Commentary: True love is rooted in truth

Though many debate the origin of Valentine’s Day, here in the U.S. its observance is synonymous with love and romance. This week, tangible expressions of love and celebrations of relationships will be commonplace. These demonstrable acts will warm hearts and brighten days as we verbalize our concern for and commitments to others. Some will emphasize it more than others, but the nature of this holiday exposes our abiding desire for relationships that matter.

Even the music we enjoy tells on us. Titles like “Endless Love,” “Best of My Love,” “I Will Always Love You,” “Love Me Tender,” and “I Want to Know What Love Is” are just a small sampling that articulate our hunger to give and receive love. In addition, popular slogans such as “Love Wins;” “Love is Love;” “All You Need is Love” defend our quest for meaningful connection, albeit in misguided ways.

For a society that prioritizes love so enthusiastically, one would think we would have a greater understanding of exactly what we’re talking about. 

Thankfully, the Bible very clearly defines what love is, and therefore, what it is not. In what some have referred to as the "Love Chapter," the Apostle Paul lays out extensive characteristics of true love by personifying the virtue (1 Cor. 13:4–7). Love is patient, he says, rather than demanding. Instead of jealousy, love manifests itself in a kindness that prioritizes others. Refusing to be braggadocious, love resists arrogance. Instead of pursuing licentiousness, love chooses holiness over unbecoming actions. Contrary to the narcissism of our day, love does not prioritize self-interests. Because it is not easily provoked, love keeps no record of wrongs suffered. 

The anchor holding all these noble attributes together is truth. Not an individual’s version of truth or society’s manipulation of truth, but the Truth as defined by God Himself in Holy Scripture. Instead of lies and injustice, love rejoices over the truth.
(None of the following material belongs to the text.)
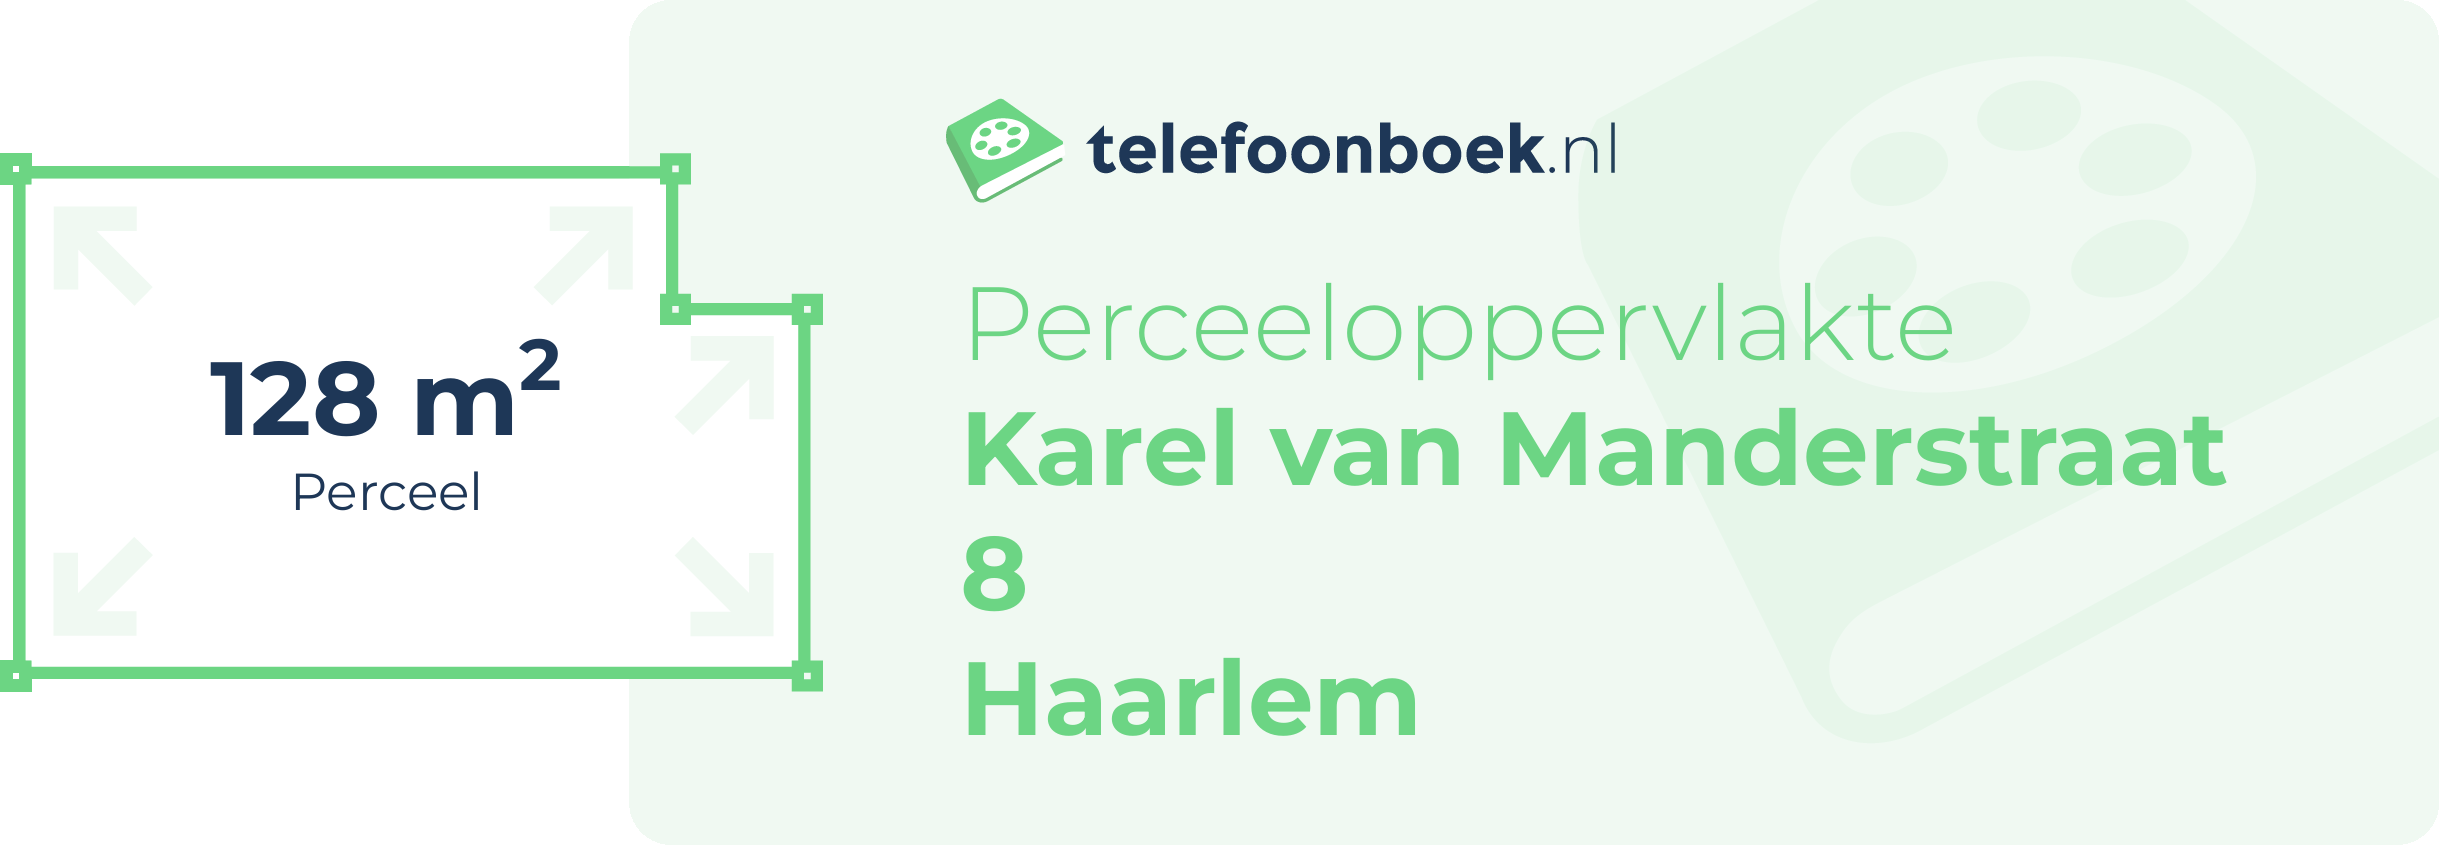 Perceeloppervlakte Karel Van Manderstraat 8 Haarlem
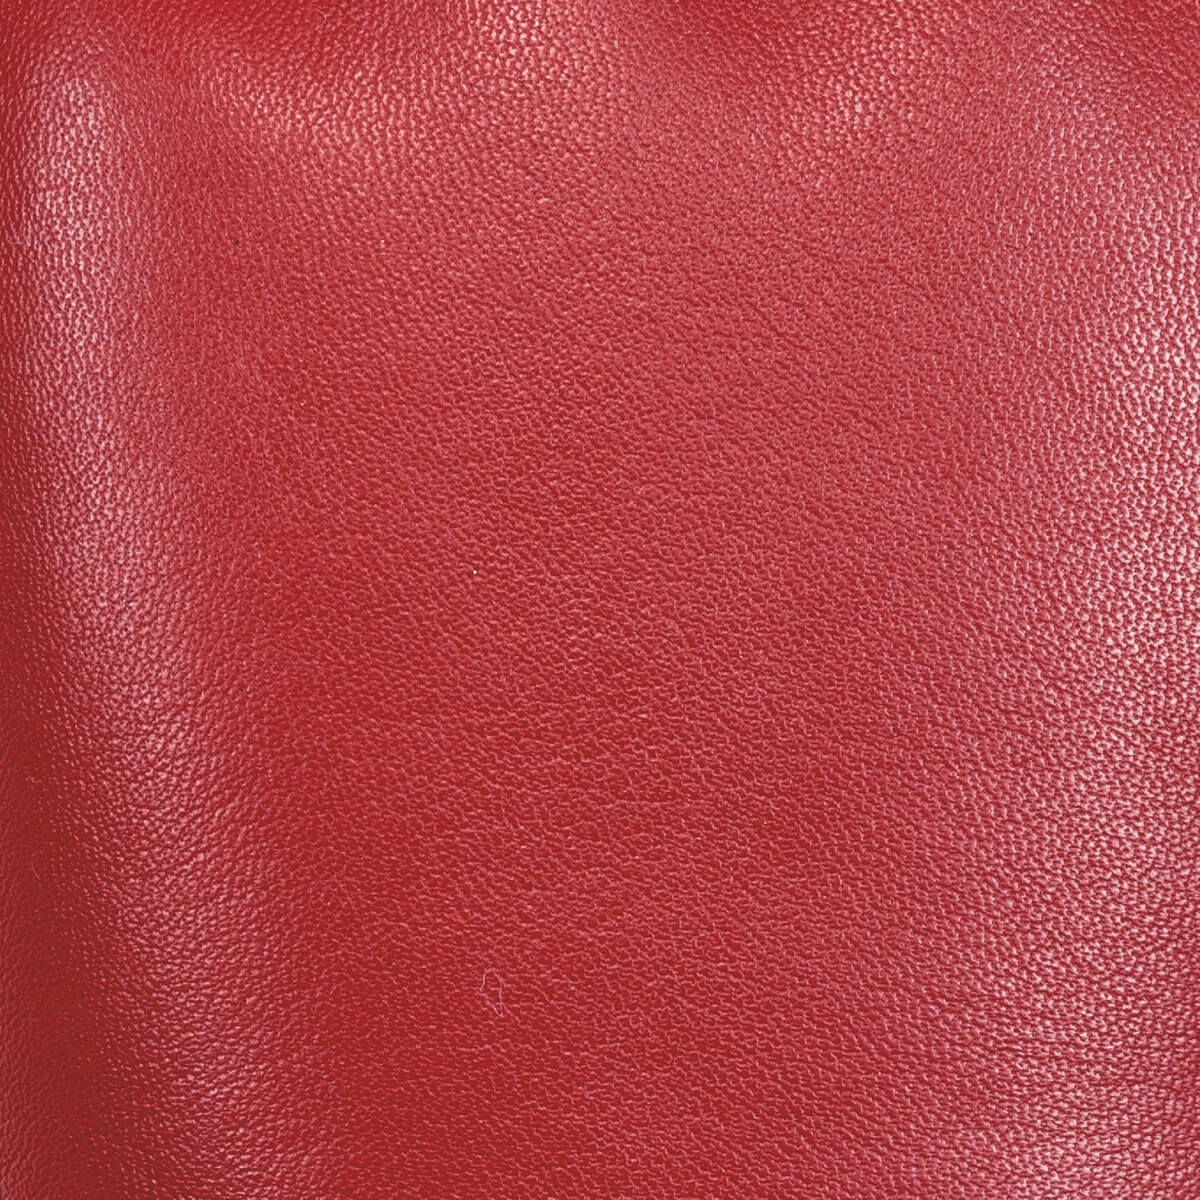 Red Leather Gloves Women Bardot - Schwartz & von Halen® - Premium Leather Gloves - 4

In fact, rooting love in lies is more akin to hatred rather than love. Thus, the Bible admonishes us to speak the truth in love rather than merely parroting what people want to hear (Eph. 4:15). The craftiness and deceitful scheming of a world hell-bent on rejecting God leaves no room for communicating without clarity. To do so is the opposite of love. 

Alternately, true love should be without hypocrisy (Rom. 12:9). Elsewhere, the Bible refers to the same concept as “genuine love” (2 Cor. 6:6). Even more elaborately, 1 Tim. 1:5 calls it “love from a pure heart and a good conscience and a sincere faith.” Why such a strong emphasis on truth?

Falsehood and pretense are the enemies of knowing and sharing authentic love with others.

Outside of truth, people can only love the images of who we pretend to be, which is a far cry from who we really are. Likewise, our efforts to be loving fall flat if we do not care enough about others to live and speak the truth to them. No wonder we are told to abhor what is evil and cling to what is good (Rom. 12:9).

Interestingly, the reason Paul wrote his famous words about love (1 Cor. 13) was his effort to correct the carnal, wicked behavior of the Corinthian church.

He reminds them that love is not envious because they coveted one another’s spiritual gifts (1 Cor. 12). Knowing that some claimed to have superior knowledge, he warns them about being puffed up (1 Cor. 4:1-14). Due to the prevalent sexual immorality within the church and throughout the culture, he contrasts love with the indecent behaviors of wickedness (1 Cor. 5:1–5, 7:36). Juxtaposed against their frivolous lawsuits he insists that love is not self-centered (1 Cor. 6:1–6). 

Sensing the backlash that will certainly come when we refuse to divorce love from truth, with sweeping encouragement God’s apostle reminds us that love “bears all things, believes all things, hopes all things, endures all things.” These descriptions are far from the sentimental shell that characterizes so many modern descriptions of true love. 

With this background in mind, it is remarkable to think that God loves each of us (John 3:16). His affection is much more than an affirmation of who we are, though.

While some say God loves us just the way we are, Scripture teaches that God loves us too much to leave us the way we are. Because we only find freedom in truth (John 8:32), Jesus comes as the way, the truth, and the life for any man or woman who will call out to Him in repentance and faith (John 14:6). My prayer is that you will experience God’s amazing love this Valentine’s Day, and every day.